Agency research group

Combining philosophy and psychology, the agency research group’s focus is in the study of agency, metacognition, and agential capacities such as self-control, and decision-making, from a socially embedded perspective. Our approaches synthesize social and political approaches with biologically informed cognitive science. We are interested in human diversity and interpersonal differences in agency and the agential capacities, and our research is motivated by a desire to understand the social causes of these differences, as well as how policy should respond to them.

Research interests in the group span:

  • Self-control and cognitive control
  • ADHD and neurodiversity
  • Metacognition
  • Mental health
  • Decision-making and option generation
  • Human-computer interaction and AI
  • Philosophy of psychology and neuroscience
  • Social disadvantage
  • Political agency and political participation
  • Agency in behavioral public policy
  • Moral responsibility
  • Feminist theory and disability studies

Funded by

Kone Foundation 1 (403,300€)
Academy of Finland Strategic Research Council 2 (318,000€)

People

Research group leader

Polaris Koi, Assistant Professor of Philosophy 12

Research fellows

Jussi Jylkkä, Senior Researcher, Docent 2
Dr. Jussi Jylkkä holds PhDs in both philosophy and psychology. His research interests span metacognition, cognitive control, consciousness, meditation and psychedelic experience.

Joonas Martikainen, Postdoctoral Researcher 1
Dr. Joonas Martikainen‘s research combines study of political agency and democracy with critical phenomenology and social theory. His book, Political Poverty: Losing Faith in Democracy (2025), explores disenfranchisement and citizenship.

Anssi Bwalya, Postdoctoral Researcher 1
Dr. Anssi Bwalya recently got his PhD in psychology from the University of Edinburgh. His research interests include metacognition, ADHD, and executive function. He is also an accomplished science journalist.

Doctoral Researchers

Tuomas Tiainen, Doctoral researcher
Tuomas Tiainen’s doctoral research concerns agency, empathy, and virtual reality.

Master’s Students

Elina Lindström
Elina Lindström’s master’s thesis, in philosophy of psychology, critically examines theories of basic emotions. 

Research assistant

Emmi Vahtera 1
Emmi Vahtera is the team’s research assistant, assisting the team in communications, research management, and associated tasks.

External Members

Sanna Lehtinen (Aalto), Senior University Lecturer, Docent 2
Dr. Sanna Lehtinen’s research focuses on applied aesthetics, human-environment relations, human-technology relations, and value-based choice.

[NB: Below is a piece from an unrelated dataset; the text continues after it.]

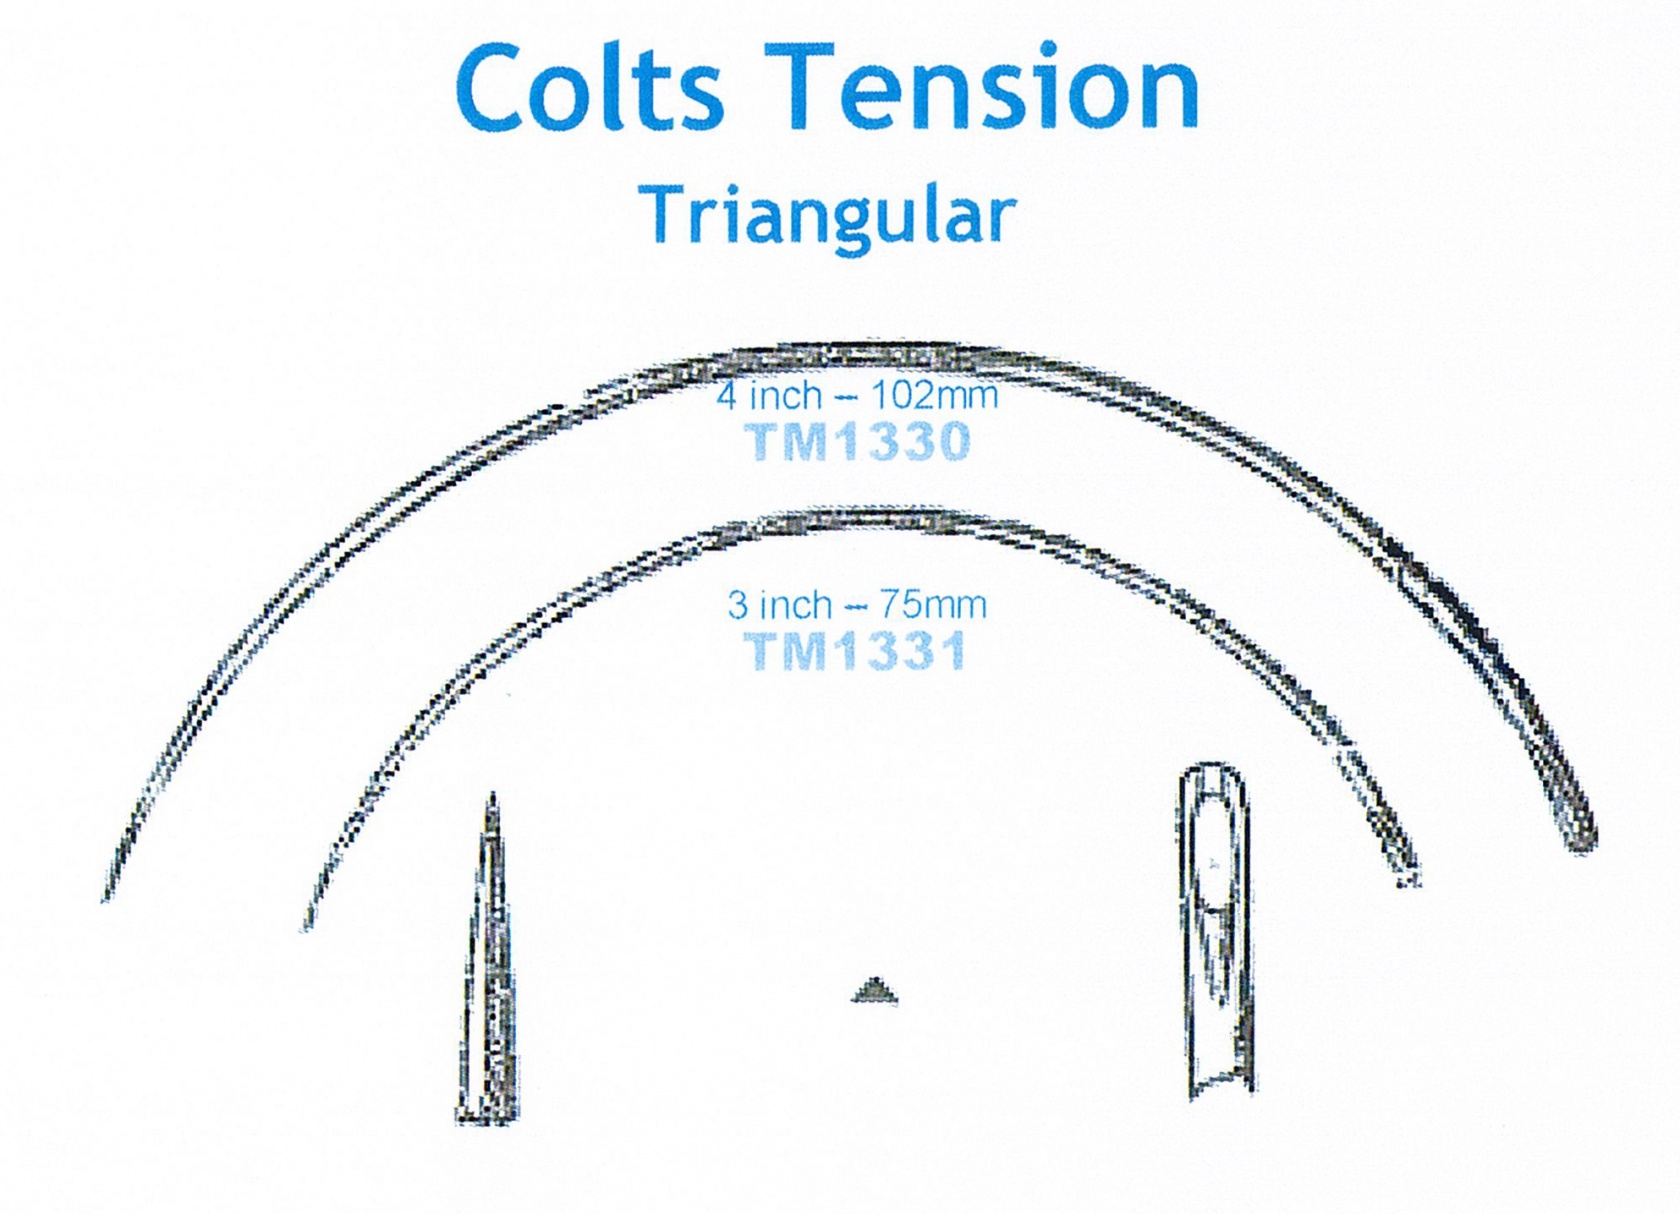 KAT-Eyed Colts Tension Triangular Needle 4 inch Pkt of 2 image 0

Onerva Kiianlinna (Aalto), Postdoctoral Researcher 2
Dr. Onerva Kiianlinna works on the intersections of philosophical and empirical aesthetics. She is interested in aesthetic cognition, meta-aesthetics, and questions of cross-disciplinarity at large.

Research projects

Agency as experience and capacity: social mechanisms, political implications

This four-year research project (2025–2028), backed by generous funding from the Kone foundation, examines the relationship between subjective sense of agency and the basic agentive capacities from the perspectives of analytic philosophy, critical phenomenology, and cognitive psychology. We explore how social mechanisms and political systems shape the experience of agency and its core capacities: decision-making, volition, and self-control. While previous empirical research has primarily focused on the neuropsychological aspects of these capacities at the individual level, social conditions and structural injustices, such as poverty, also have a significant impact.

For more information, see the project’s website at https://sites.utu.fi/agencyproject/

Enhancing metacognition, agency and resilience in AI-mediated work

This subproject of the Transform-AI research consortium (2025-2031) funded by the Strategic Research Council explores agency and metacognition in workplace human-computer interaction. How does the increasing use of AI impact employee agency, well-being, and interpersonal interaction? How can metacognitive strategies be developed to enhance workforce adaptability? Bridging the perspectives of philosophy of psychology, postphenomenological philosophy of technology, and cognitive psychology, we develop generalizable, translational models of metacognition and study the interplay of metacognition & human-computer interaction in situ at workplace settings.